L’interprétation de ces résultats est encore délicate. Il s’agit d’une étude de phase II incluant peu de patients avec un nombre faible de patients exprimant fortement l’AH : quarante-neuf patients traités par PEGPH20-gemcitabine et nabpaclitaxel et trente-cinq patients dans le bras contrôle. On peut observer que pour les patients du bras contrôle, les résultats sur la SG (médiane de SG de 8,5 mois) et la SSP (médiane de SSP de 5,3 mois) sont comparables aux résultats de l’étude de phase III ayant validé l’indication de l’association gemcitabine et nab-paclitaxel en première ligne métastatique dans le cancer du pancréas [11].

Ce travail soulève des points intéressants.

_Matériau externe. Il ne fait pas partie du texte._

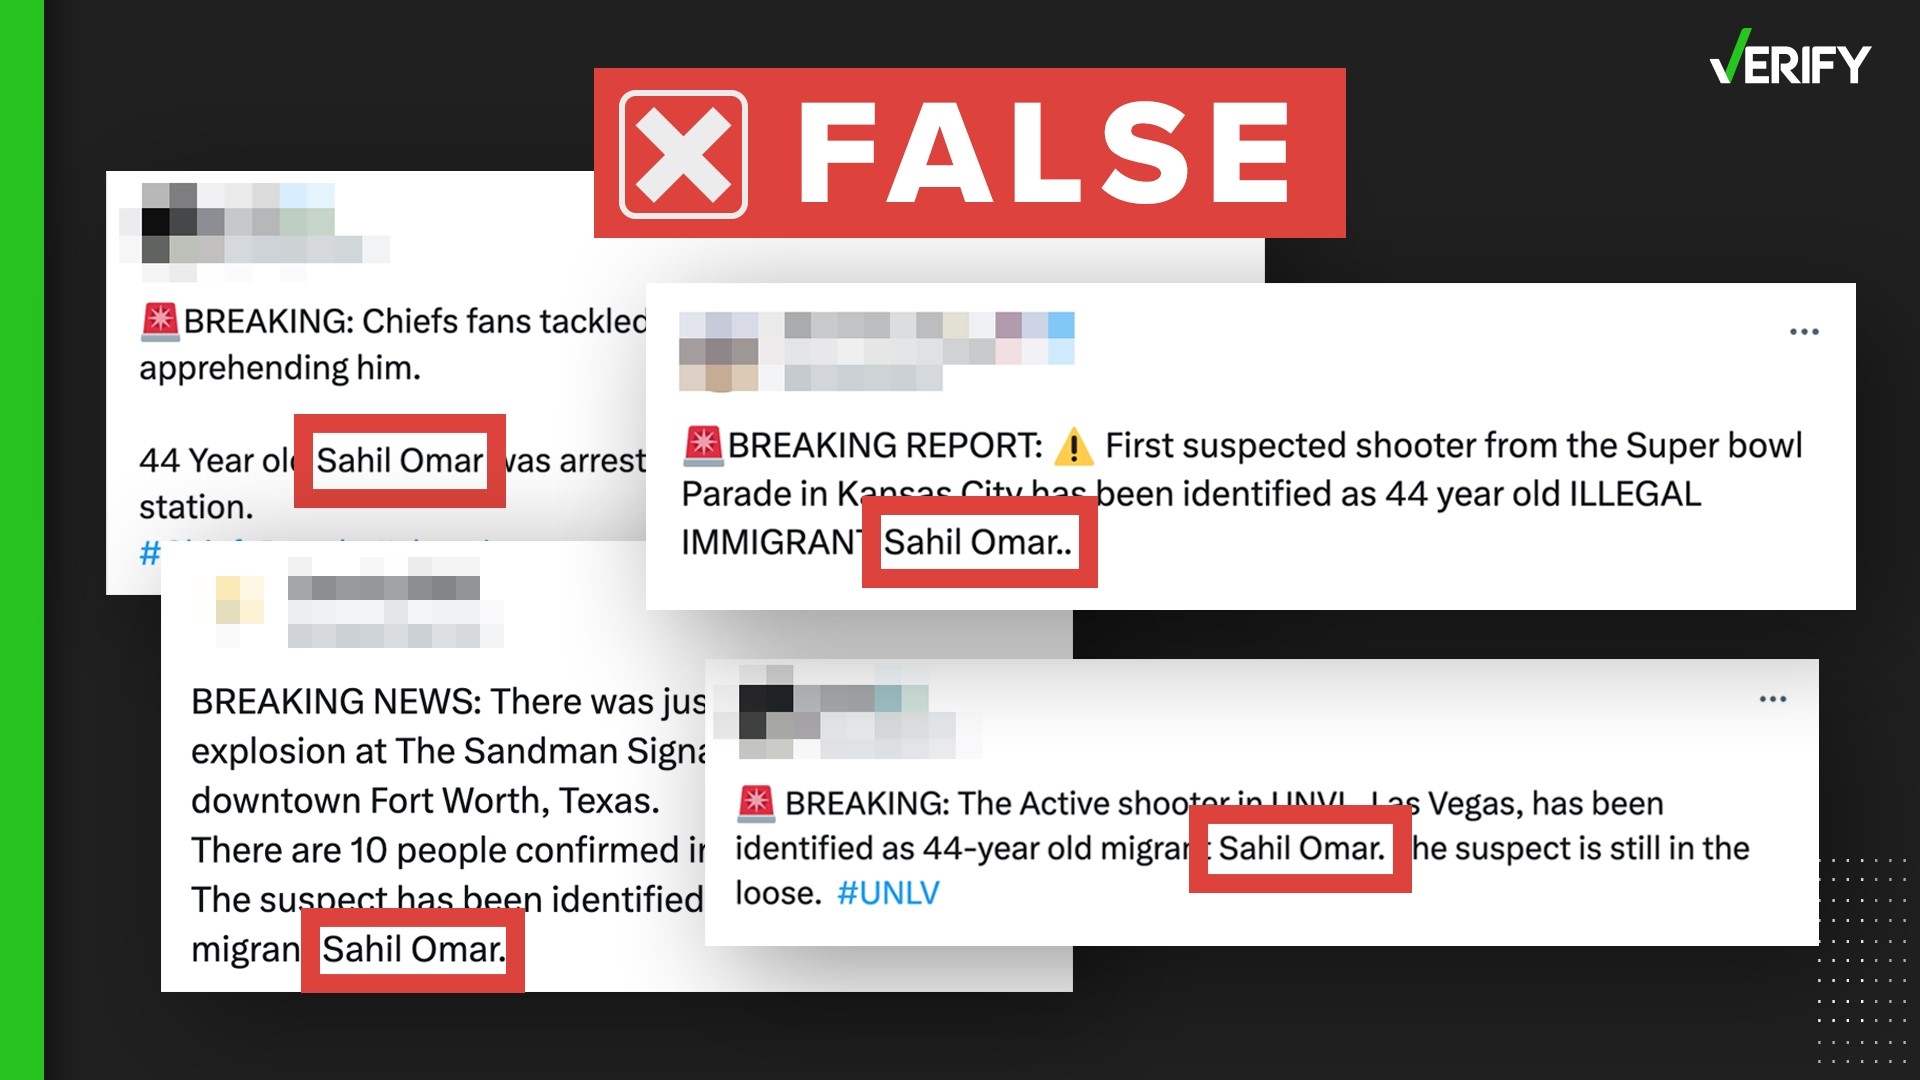 Posts falsely claim a 44-year-old immigrant was behind the Kansas City Super Bowl parade shooting and other crimes. There’s no evidence Sahil Omar exists.

Il semblerait qu’il existe un réel bénéfice du PEGPH20 sur la SSP. Ce bénéfice paraît plus marqué dans le groupe de patients dont l’expression tumorale d’AH est importante, soulignant l’intérêt de bien sélectionner les patients avant la prescription de thérapies ciblées et l’importance d’identifier des biomarqueurs.

Le bénéfice paraît plus marqué dans le groupe de patients dont l’expression tumorale d’acide hyaluronique est importante, soulignant l’intérêt de bien sélectionner les patients avant la prescription de thérapies ciblées et l’importance d’identifier des biomarqueurs

Il existait, dans cette étude, un bénéfice limité du PEGPH20 sur la survie globale chez les patients dont l’expression tumorale d’AH était importante et traités dans la deuxième partie de l’essai (association d’énoxaparine systématique). Ces résultats sont probablement dus aux faibles effectifs de patients mais aussi au nombre important de patients ayant interrompu le traitement à base de PEGPH20 après amendement (39 %).

Les patients atteints d’un cancer du pancréas sont à haut risque thrombotique, et ce, d’autant plus s’ils sont métastatiques ou sous chimiothérapie. Cet état d’hypercoagulabilité des patients semble se confirmer dans ce travail devant le nombre important de patients ayant eu un accident thromboembolique sous gemcitabine-nab-paclitaxel. Au-delà de la prévention du risque thromboembolique sous PEGPH20, les résultats de ce travail nous sensibilisent à l’intérêt d’une anticogulation préventive chez les patients atteints de cancer du pancréas, sans mettre en évidence d’augmentation du risque hémorragique. En effet, la médiane de SG des patients sous gemcitabine et nab-paclitaxel de 8,5 mois passait à 9,7 mois après mise en place systématique d’une anticoagulation préventive.

Ces résultats nous sensibilisent à l’intérêt d’une anticogulation préventive chez les patients atteints de cancer du pancréas, d’autant plus qu’on ne mettait pas en évidence d’augmentation du risque hémorragique

Cet essai souligne ainsi, la nécessité de prendre en compte les spécificités du cancer du pancréas et en particulier, le microenvironnement tumoral hypovasculaire et riche en stroma expliquant en partie la chimiorésistance de cette maladie. Une autre caractéristique importante du microenvironnement de l’adénocarcinome pancréatique est la restriction de la réponse immunitaire associée à une réponse inflammatoire soutenant la tumorigenèse [12]. Ce point pourrait expliquer, en partie, l’échec de l’immunothérapie dans le cancer du pancréas (figure 6). Pour progresser dans la prise en charge de cette maladie, ne faudrait-il pas associer les différentes armes thérapeutiques comme l’immunothérapie à un traitement ciblant le microenvironnement ?

Il existe un signal fort quant à l’efficacité du PEGPH20. Une étude de phase III internationale : HALO 301 (NCT02715804) est actuellement ouverte dans plusieurs centres en France chez des patients exprimant fortement l’AH. Les résultats de cette étude pourront nous éclairer sur l’intérêt thérapeutique du PEGPH20 et la place de l’AH en tant que biomarqueur.

Liens d’intérêts

l’auteur déclare n’avoir aucun lien d’intérêt en rapport avec l’article.